О, подумала Санса, кладя руку на щеку Джона. Ну что ж, очень хорошо. Вот какова на вкус любовь?

Сильнее, чем страсть. Мягче, чем смех. Ярче, чем доброта. Это заставило её зарыться рукой в кудри Джона, заставило её выгнуть спину и поцеловать его, крепко, оставляя синяки, но абсолютно и невероятно идеально.

(Спустя несколько часов они лежали на кровати, тяжело дыша и обливаясь потом. Они уже опаздывали на обед, и Элис уже делала ей замечания, когда придворные обсуждали их поведение за завтраком. Санса закрыла глаза и крепче прижалась к Джону.

— Я всегда любила тебя, — прошептала Санса, прижимаясь к его обнаженной груди. — Только тебя, Джон. Еще до того, как поняла, что чувствую.

Джон приподнялся на локте и посмотрел на неё сверху вниз, глаза его были нежнее, чем самый гладкий шелк.

— Да, — выдохнул он, потянулся вперед и поцеловал сначала в щеку, потом в лоб, потом в ном и, наконец, в губы.

В тот вечер они пропустили ужин.)

***

— Я сдаюсь, — сказала Вилла Элис.

Обед был действительно вкусным: еда была приправлена дорнийскими специями, достаточно тяжелыми, чтобы еда стала острой, но достаточно легкими, чтобы вызвать привыкание. Вилла компенсировала жжение на языке тремя бокалами кислого дорнийского вина, и оно приятно согрело низ живота, позволив не обращать внимания на боль в ногу.

— Неужели?

Элис выглядела особенно прелестно в освещенном лампами зале, подумала Вилла. Если бы они не были на юге, если бы за ними не следили так пристально. Возможно, Вилла смогла сделать что-нибудь… безумное.

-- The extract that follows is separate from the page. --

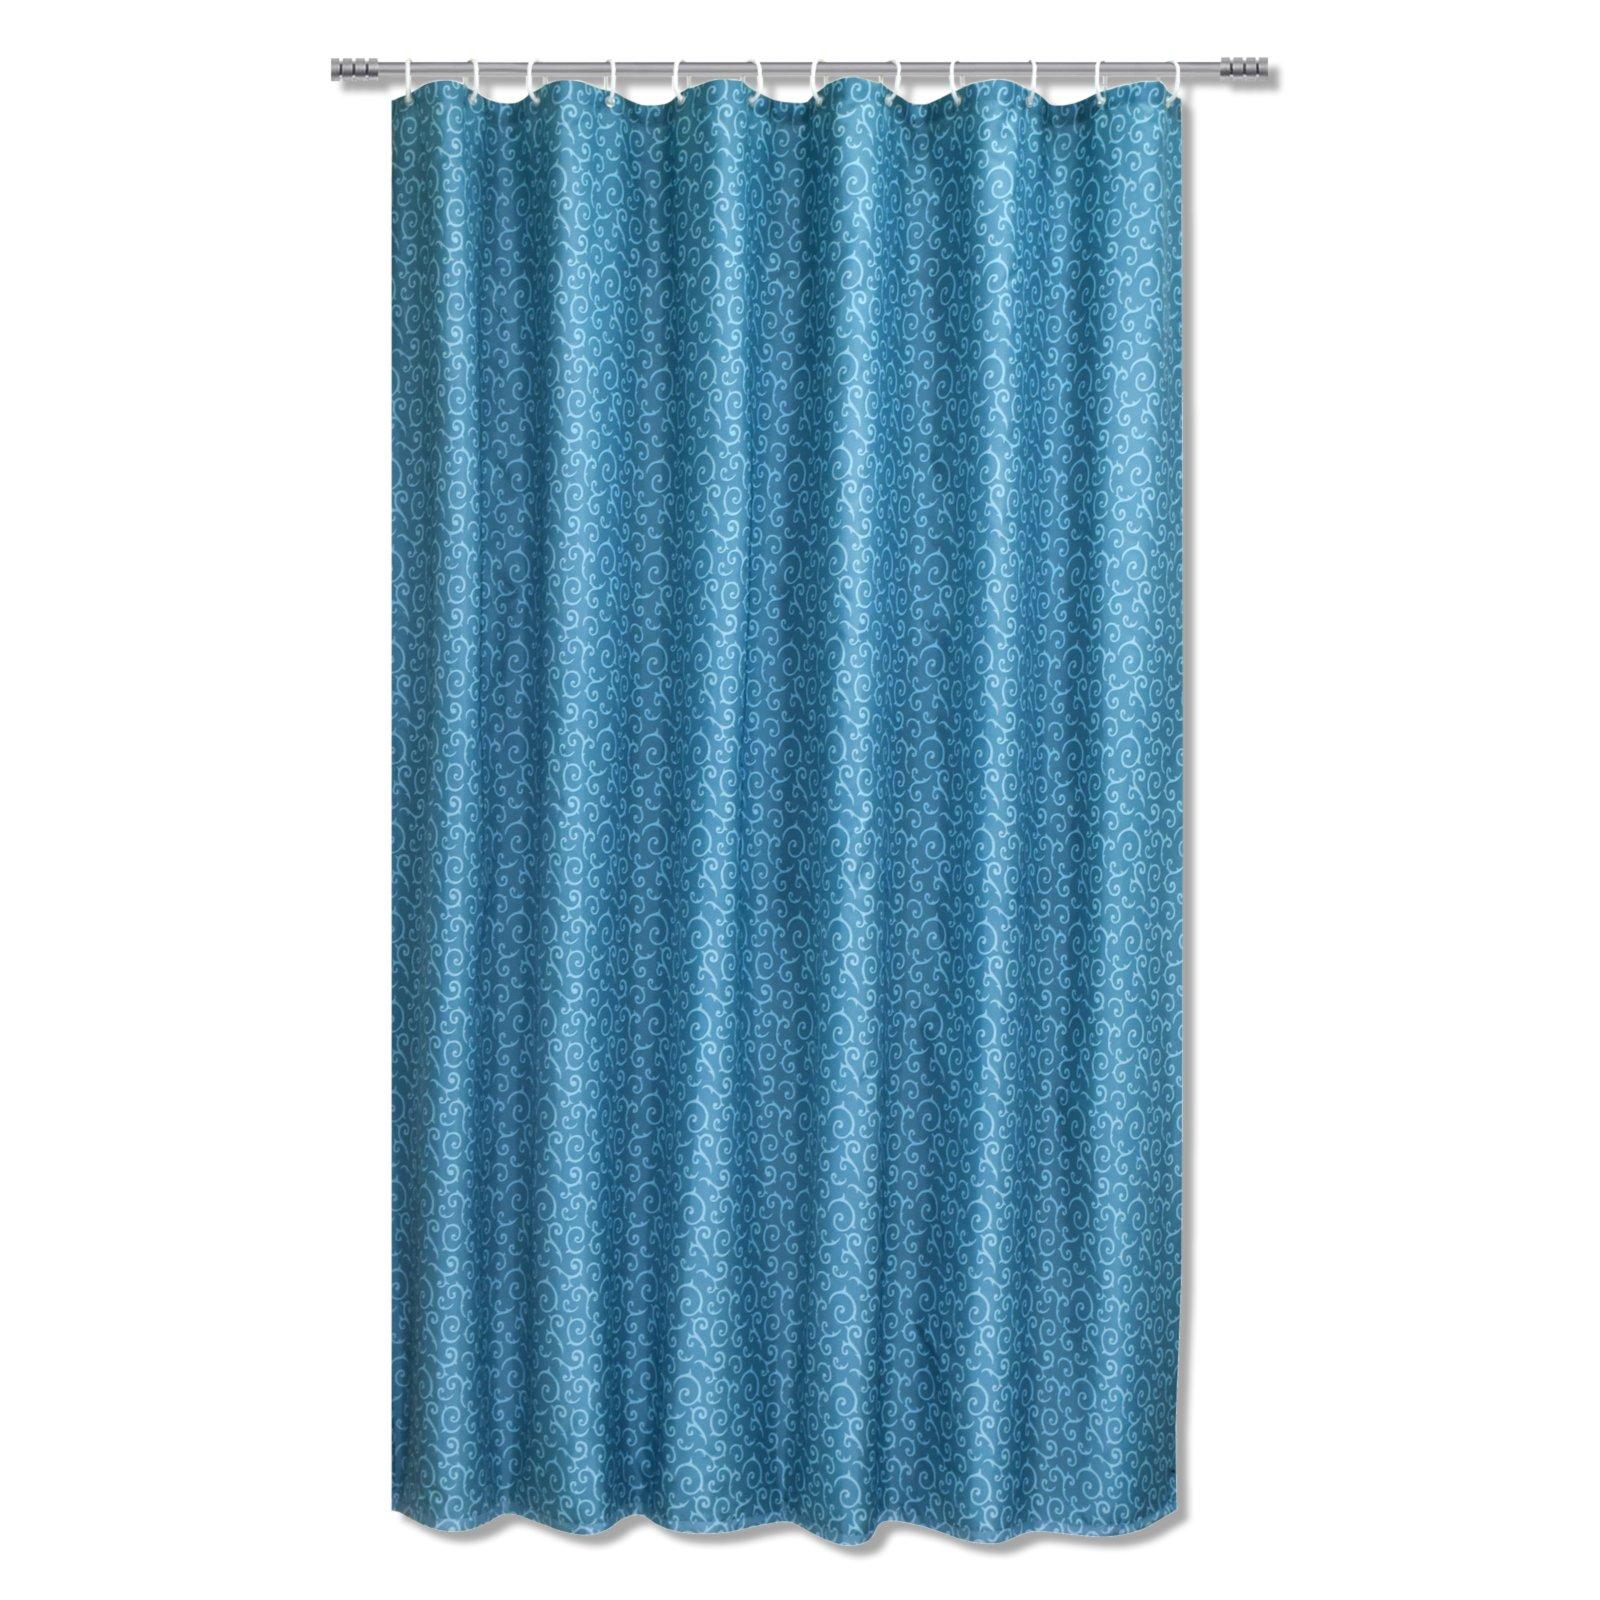 duschvorhang curl t rkis 180x200 cm duschvorh nge rollos badezimmer wohnbereiche. Black Bedroom Furniture Sets. Home Design Ideas

Если бы она спросила отца, он бы ответил: Поцелуи - это не безумие.

Но её мать сказала бы: Поцелуй — это сладкое и нежное безумие.

А Вилла знала свои обязанности перед семьей, чтобы понимать: если она настоит, то Элис уступит, но они слишком любили Сансу, чтобы хоть немного подпортить её репутацию. Они обе были слишком честолюбивы, чтобы пожертвовать своим будущим ради непонятно чего.

Но все же. Даже если Вилла никогда не почувствует, как мягки шелковисты волосы Элис, даже если она никогда не поцелует Элис так, как хочется, она все же сможет сказать. Она может флиртовать и наслаждаться искрами в глазах Элис, которые отражали её собственные.

— Я никогда не узнаю, — сказала ей Вилла. — Здесь слишком много северян, а Эддара слишком хорошо скрывает секреты!

— Тогда вот тебе подсказка: он не северянин.

Глаза Элис вспыхнули: серо-голубые, прекрасные, как снегопад и опасные, как метель. Вилла почувствовала, как её сердце забилось быстрее, как по щекам поползли уродливые красные пятна, и заерзала. В тщетной попытке притвориться, что с ней все нормально, она назвала первое имя, которое пришло в голову.

— Теон Грейджой?

— Видимо, я должна тебе мешок оленей, — пробормотала Элис, осторожно переворачивая овощи на тарелке.

У Виллы отвисла челюсть.

— Теон? — требовательно спросила она, повышая голос. Затем мягче, но не менее настойчиво, она прошептала. — Теон, Элис? Теон Грейджой — с ним все понятно, но… Хочешь сказать, Эддара соблазнила его?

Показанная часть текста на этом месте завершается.